Are Garden Cities the World’s End?

I recently went to see ‘Worlds End’, the final part of Edgar Wright’s ‘Cornetto Trilogy’. For those who don’t know it, the film is a science fiction comedy, the third in a short series of action films starring Nick Frost and Simon Pegg. I saw it in Letchworth, in the Broadway cinema. Why is this relevant? Well, Letchworth forms the backdrop to most of the movie; it was filmed there and indeed the Broadway Cinema was one of the locations in the film (‘The Mermaid’). 

The first Garden City has long been held up as the apex of good urban planning, including by the current government, so it was interesting to see it used a somewhat sarcastic comment on Britain today. As Peter Bradshaw put it in his review of the film for the Guardian: “It is different from the locations that usually show up in movies: London or the leafy countryside. This is New Town Britain, Visitor Centre Britain, the suburban commuterlands and hinterlands: bland and agreeable.” The film is multi-layered, but one of the underlying themes is that living in the suburbs turns you into a robot.

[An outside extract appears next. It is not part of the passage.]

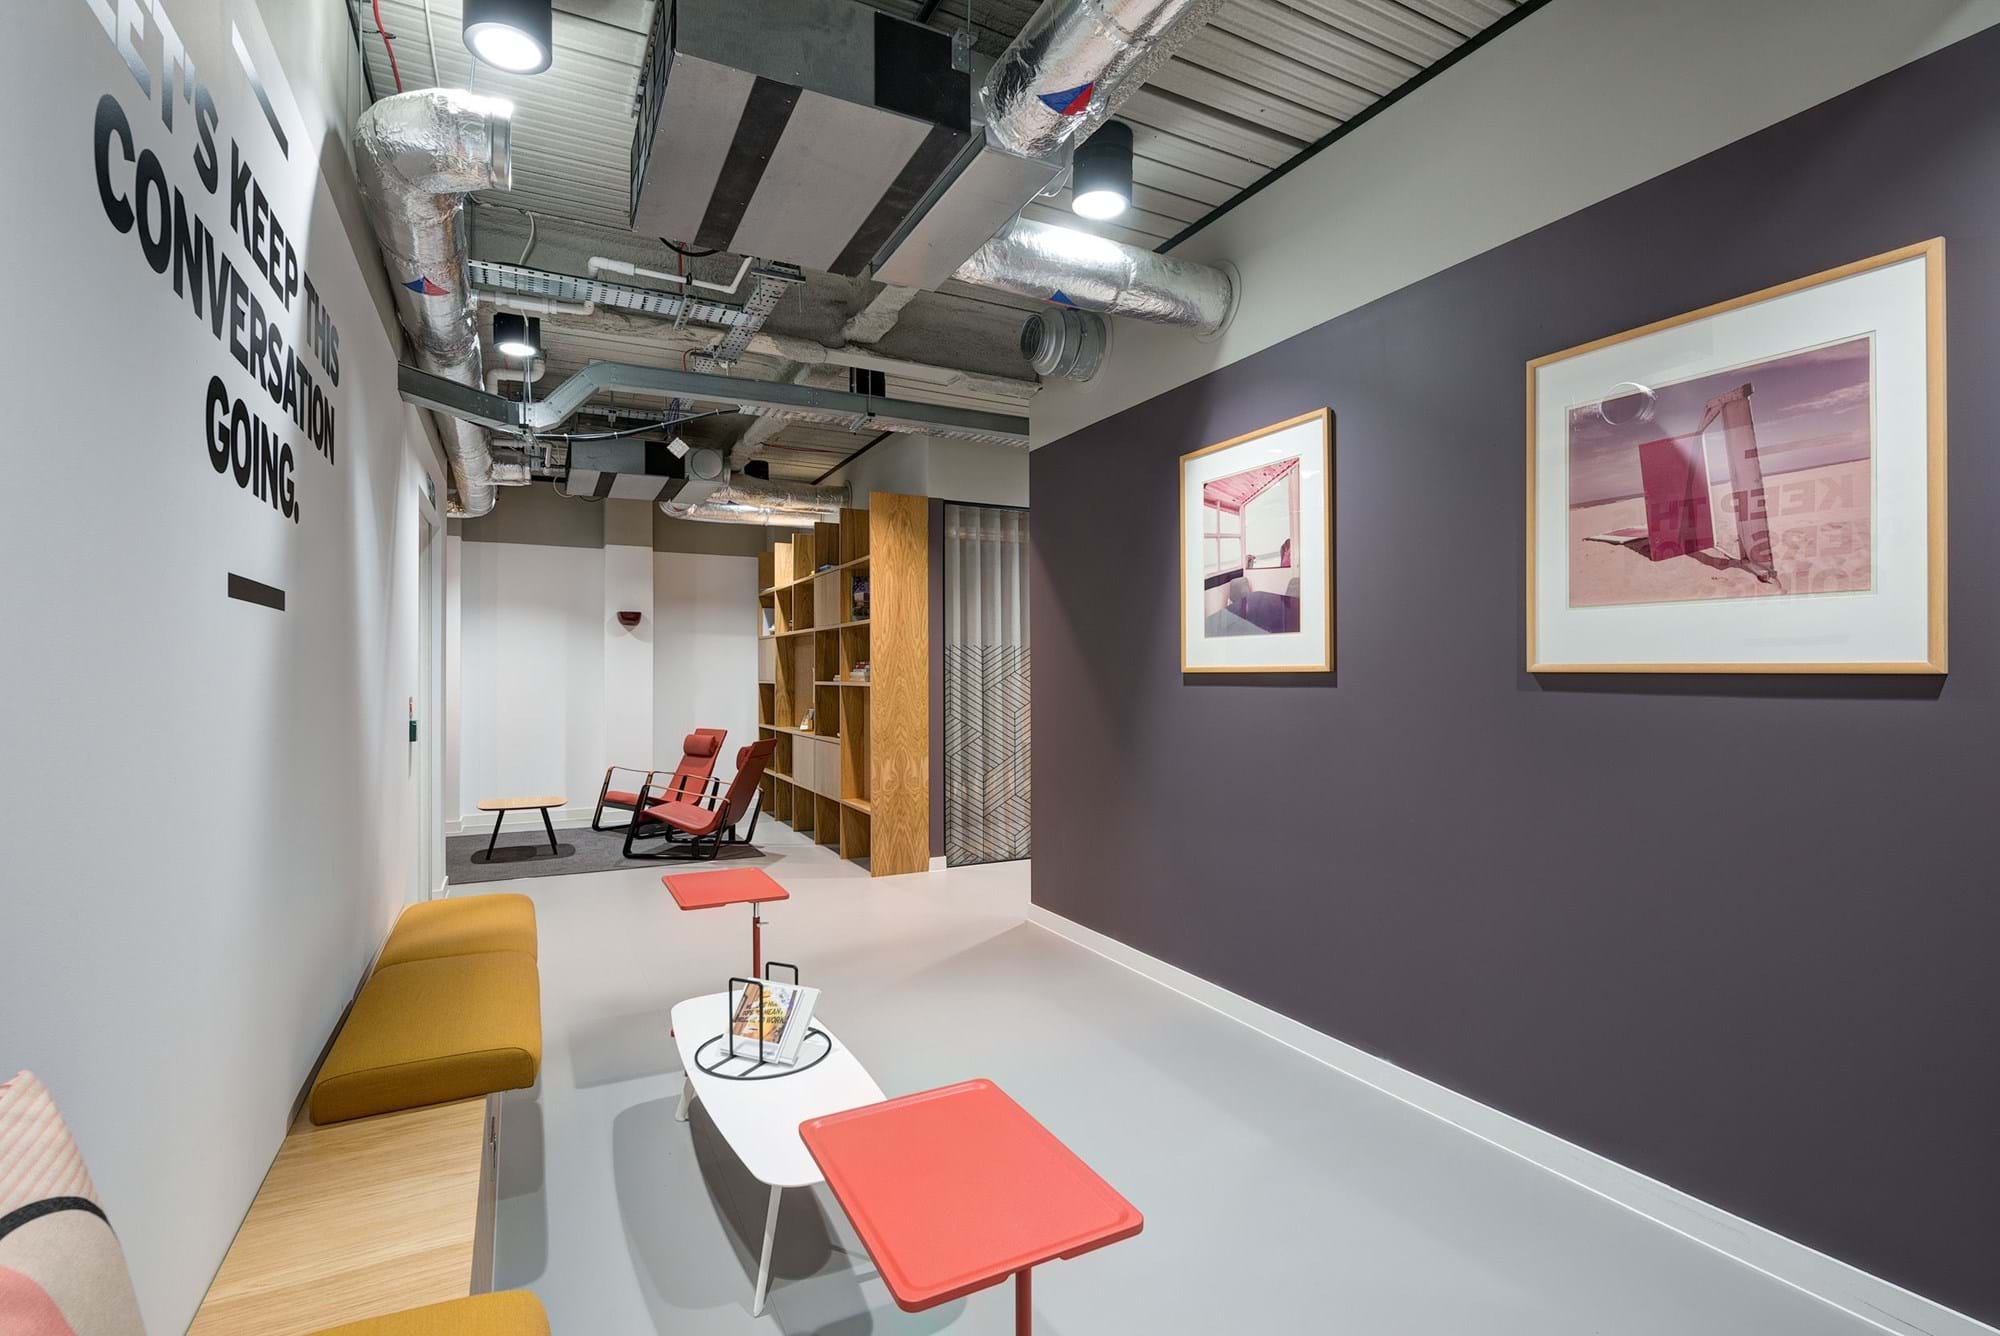 Modus Workspace office design, fit out and refurbishment - Spaces - Moorgate, London - Spaces Moorgate 09 highres sRGB.jpg

Hardly a new message, but ironic that they chose to illustrate this by using the crucible of the garden city movement, whose principle aim was to counter the way that industrialisation had de-humanised people.

Regular readers of this blog may remember my post from last year – “Where have all the trees gone?” ( In this, I began to explore why many developers don’t really plant trees and how this might be addressed. I followed it up with a lecture at a conference in Devon (staged by the excellent Barcham Trees) in which I postulated that the garden city movement was indeed a turning point in modern planning, but it was also where it all started to go wrong. I pondered on what it was that made particular housing estates ‘successful’. For the moment, let’s ignore esoteric or academic definitions of success and instead look at market or colloquial definitions. The most expensive, the most sought after areas of housing are dominated by something larger than the houses – trees. And not just any trees; large, mature, forest species – horse chestnuts, oaks, planes trees, limes, even sycamores. So clearly, green leafy suburbs are what we aspire to. In fact estate agents and the media frequently use the word ‘leafy’ as a synonym for affluent when they are talking about neighbourhoods.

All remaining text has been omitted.